First: mandatory disclaimer that I am not a banking expert and this is meant to distill my personal thoughts around the USDC situation.
Risk avoidance in crypto has been at an astoundingly high level for the past 10 months. And understandably so. The implications and fallout from Terra, Celsius, and FTX have created market participants with much less tolerance for tail risk.
At the moment, USDC trades at $0.88, which is a bit unreasonable per the current scenario. $0.88 assumes 0% recovery from Circle’s assets with SVB, and maybe even prices in a 0% (or low) recovery from Silvergate and Signature Bank.
(Image above: USDC Market cap via Coingecko)
Circle keeps most of its treasury bills in short-term notes; it’s furthest dated t-bills per the Jan. 2023 attestation expire about four months out. So duration mismatch is not as big of a concern, and their remaining assets are held at banks and likely other money market funds.
(Image Above: Composition of Circle’s direct exposure to treasuries matched with maturity of bills)
But if arbitrageurs continue to buy low on liquid venues and redeem their USDC for USD with Circle, it will force Circle to liquidate treasuries for cash to meet market demand. And this loop could end with a lower worst case estimate for USDC if they have to realize losses while selling those treasuries.

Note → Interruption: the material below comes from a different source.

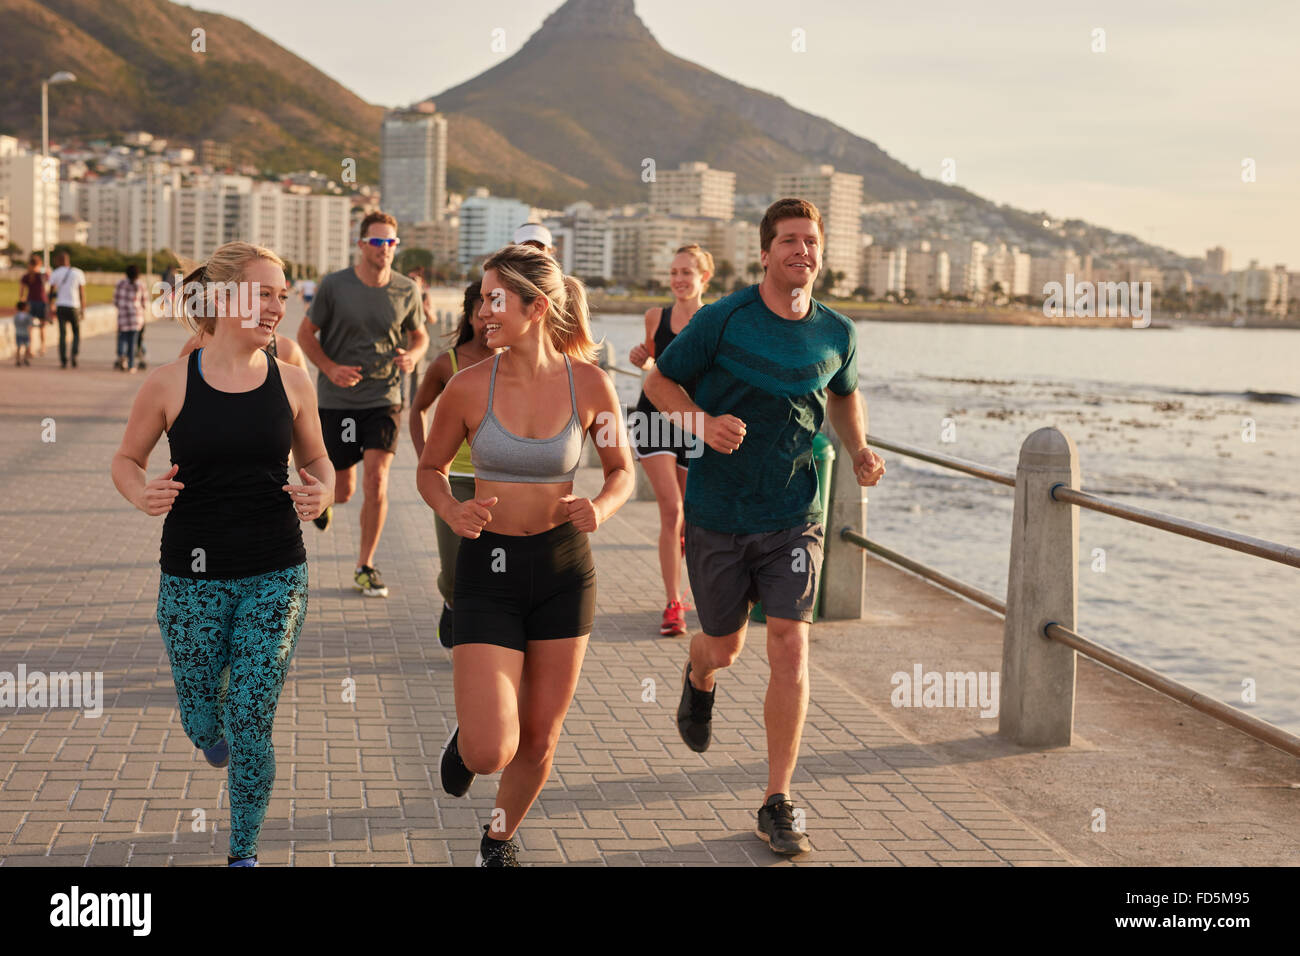 Junge Menschen, die entlang der Strandpromenade. Passen Sie junge Läufer im freien training am Meer, mit zwei weiblichen Athleten cha Stockfoto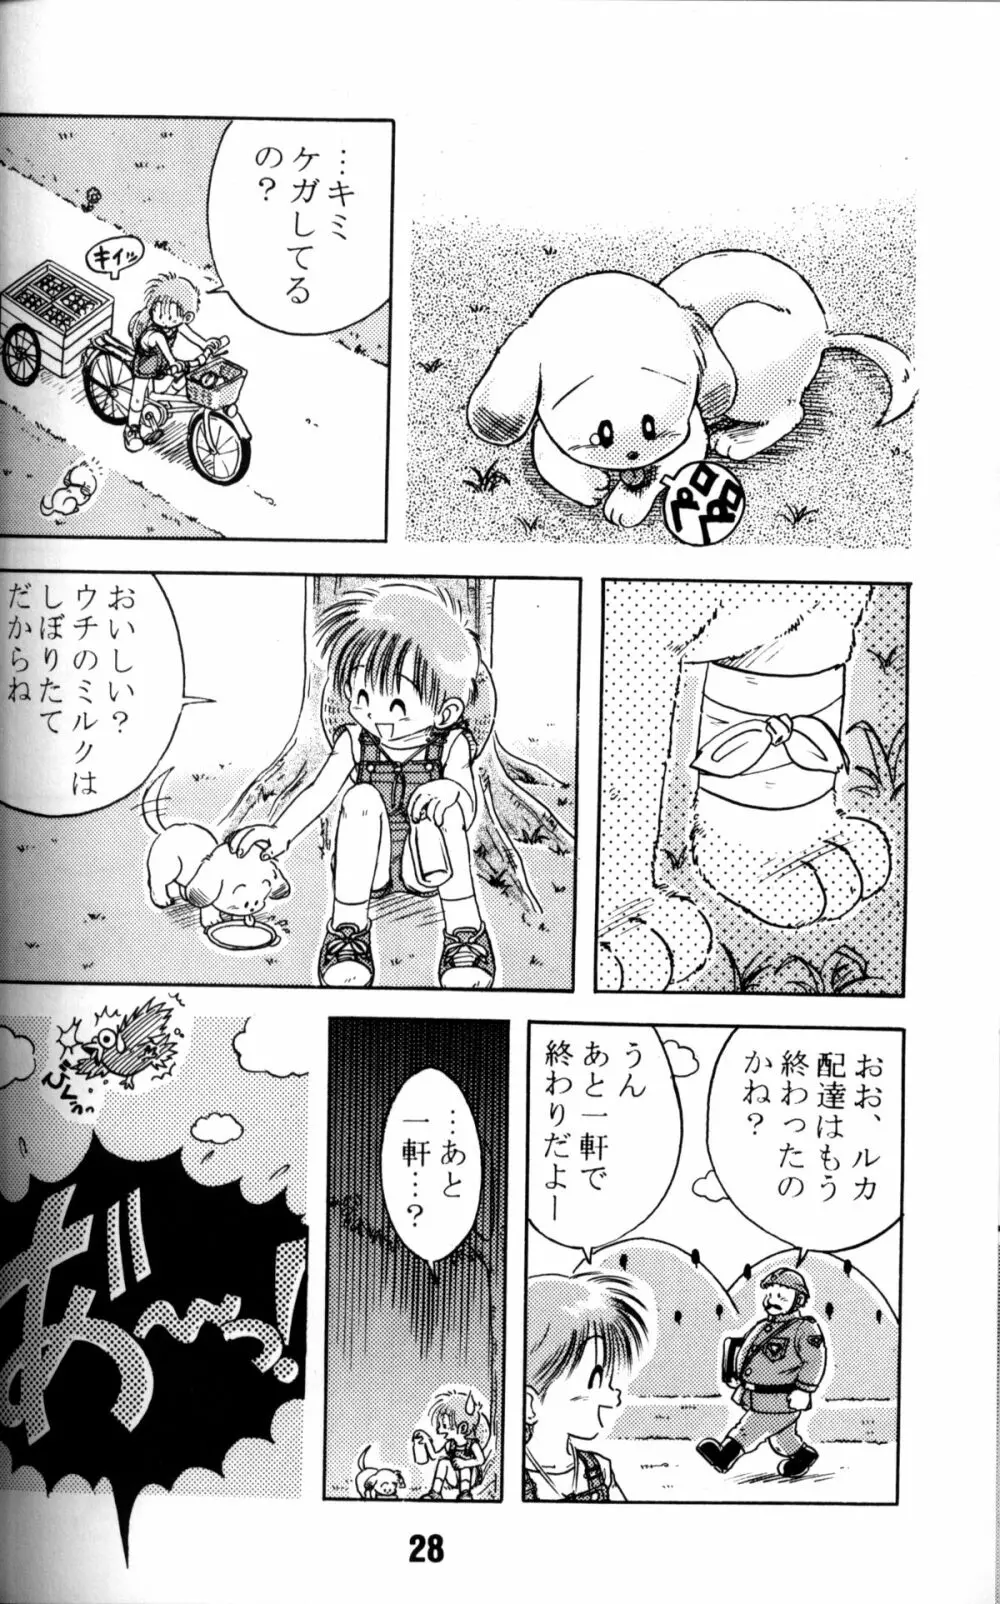 Anthology - Nekketsu Project - Volume 1 'Shounen Banana Milk' - page27

So while many see the disconnect in reality and believe there’s an opportunity to make money by buying USDC or longing the perpetual contract, there are an equal number of people keen to purge their tail risk no matter what the cost may be.
Overall, liquid venues can detach from recovery estimates even further as panic takes hold of crypto markets. It would not be surprising to see this further escalate in the short-term.
Circle likely has a decent equity cushion from their accumulated interest income. And they’ve been a solid business, so one would imagine raising capital wouldn’t be a huge obstacle if the losses are containable. A small loss from SVB (and Signature Bank) could be absorbed and normalcy would resume. But the scale of panic selling will also be a key factor in determining what the worst case outcome looks like.
Again, a potential silver lining is that Circle is not sitting in a ton of low yield, long maturity bonds — which have been beaten down. And that seems to work in their favor with this situation, because it means they may be able to process redemptions without realizing too much in losses.
(Image above: As of Jan. 31, 2022, Circle held cash at 7 banks including Silvergate, SVB, and Signature)
One area of concern for many does seem to be what losses outside of SVB — specifically with Silvergate and Signature Bank — could look like. And that’s something I’m flying not too familiar with right now.
TL;DR – the scale of panic seems overblown right now and liquid markets can further detach from reality. But if redemptions kick in at scale and force Circle to liquidate their treasuries for a loss, the situation could spiral.